Reepalu recently told the Swedish radio channel P1 that he initiated his meeting last April with Hannah Rosenthal, the former U.S. special envoy to monitor and combat anti-Semitism, but the Swedish daily Varlden Idag challenged the mayor’s account.

Varlden Idag quotes Rosenthal, who stepped down in October, as saying, “It was definitely I who asked for the meeting” after “several, several months of following anti-Semitic incidents [in Malmo] and Mayor Reepalu’s many comments.” She added, “It is always unfortunate when people try to rewrite history.”

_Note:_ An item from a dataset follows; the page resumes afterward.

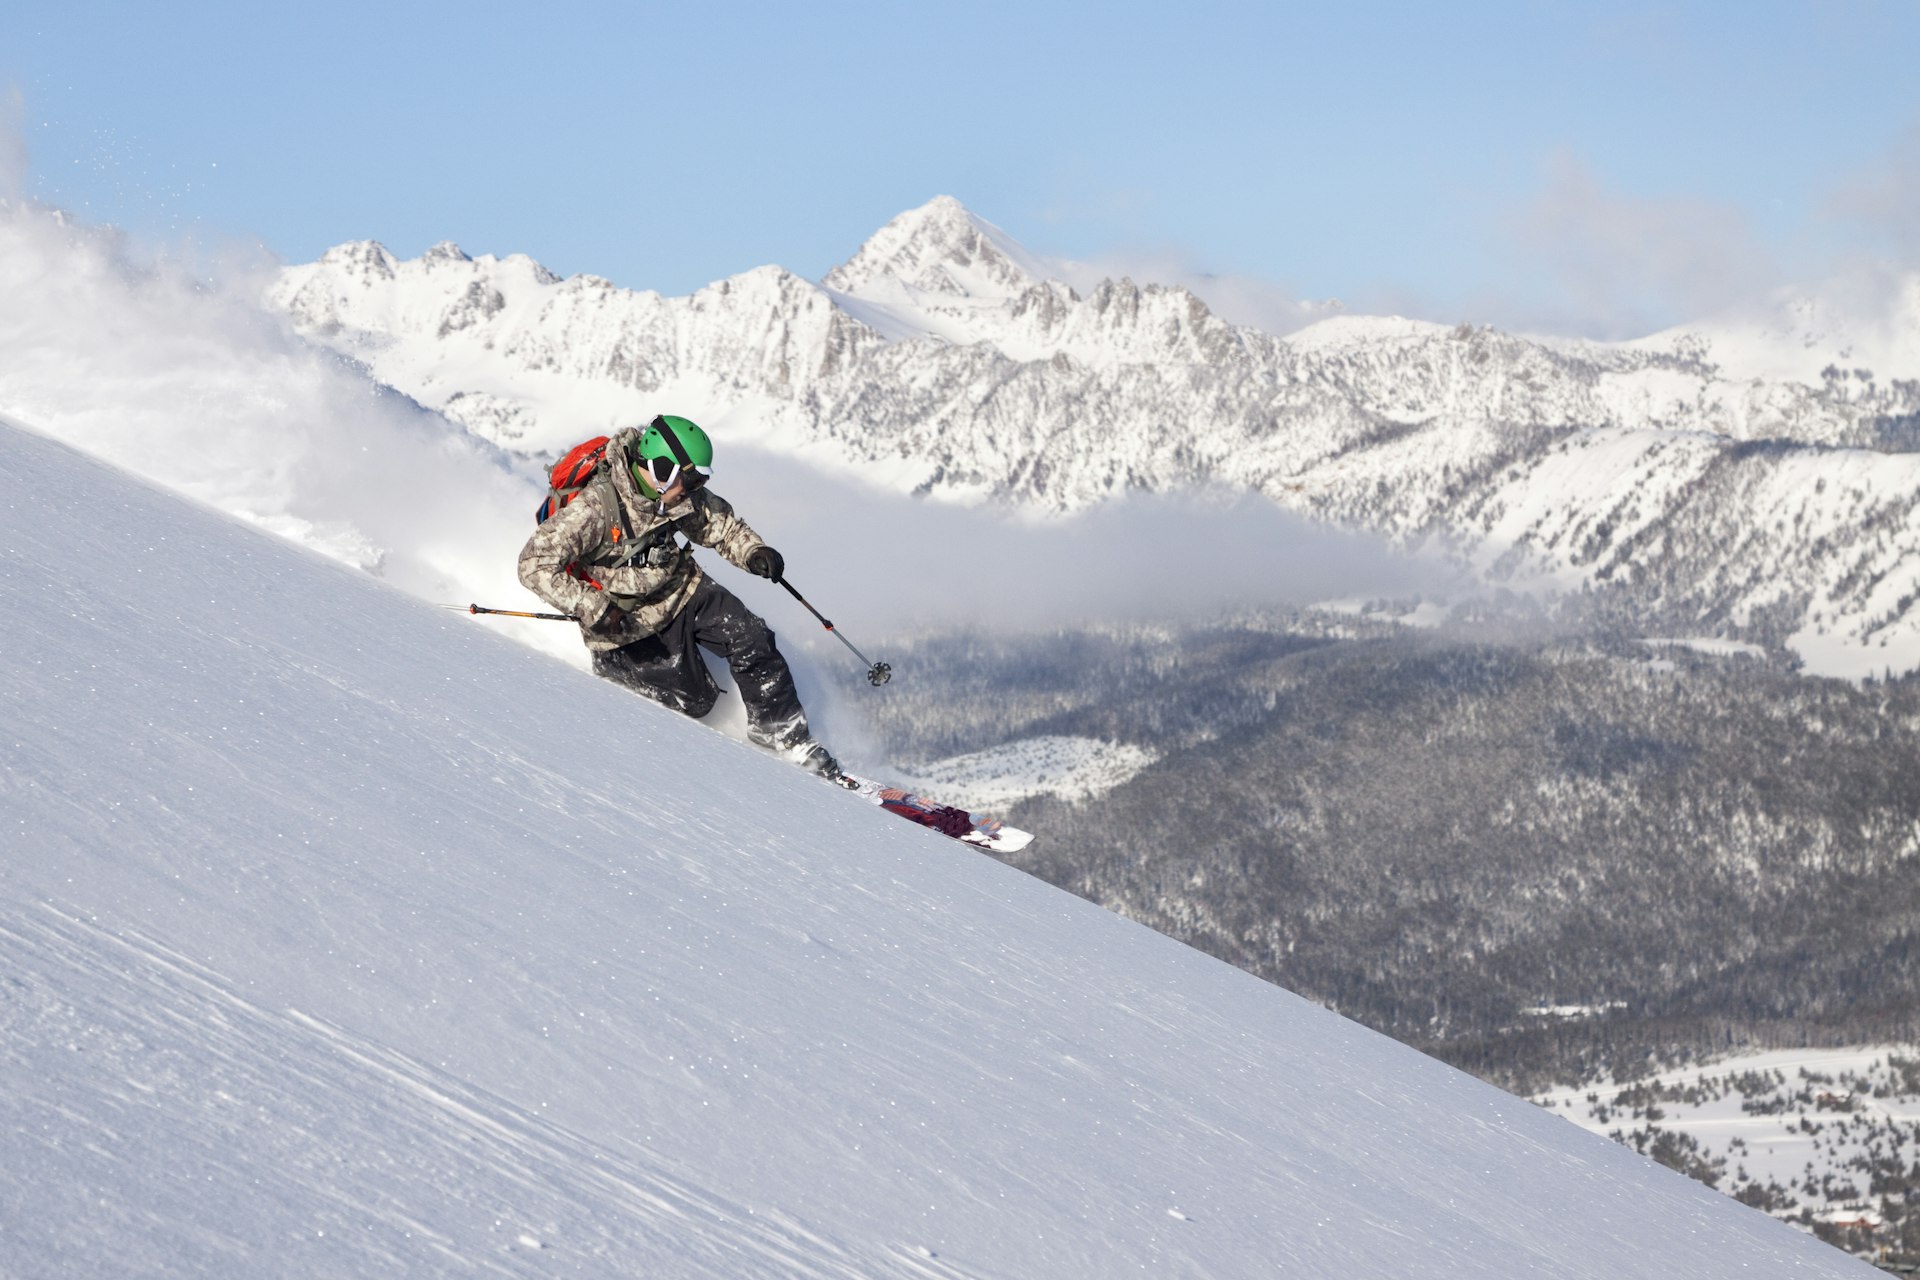 A male skier on untracked powder at Big Sky Resort, Montana

Reepalu, who announced recently that he was stepping down as mayor in July after 28 years on the job, has said that Zionism and anti-Semitism were both “unacceptable forms of extremism"; that the Jewish community had been infiltrated by nationalists; and that Jews who don’t wish to be assaulted should not support Israel.

A few dozen anti-Semitic attacks are documented every year in Malmo, a city of about 1,000 Jews where approximately 30 percent of the population is from a Muslim background, according to estimates.

Meanwhile, a flag with a swastika was placed on the door of a synagogue in Norrkoping, a city situated 85 miles southwest of Stockholm, the Norrkopings Tidningar local daily reported. Police are treating the March 1 incident as a hate crime.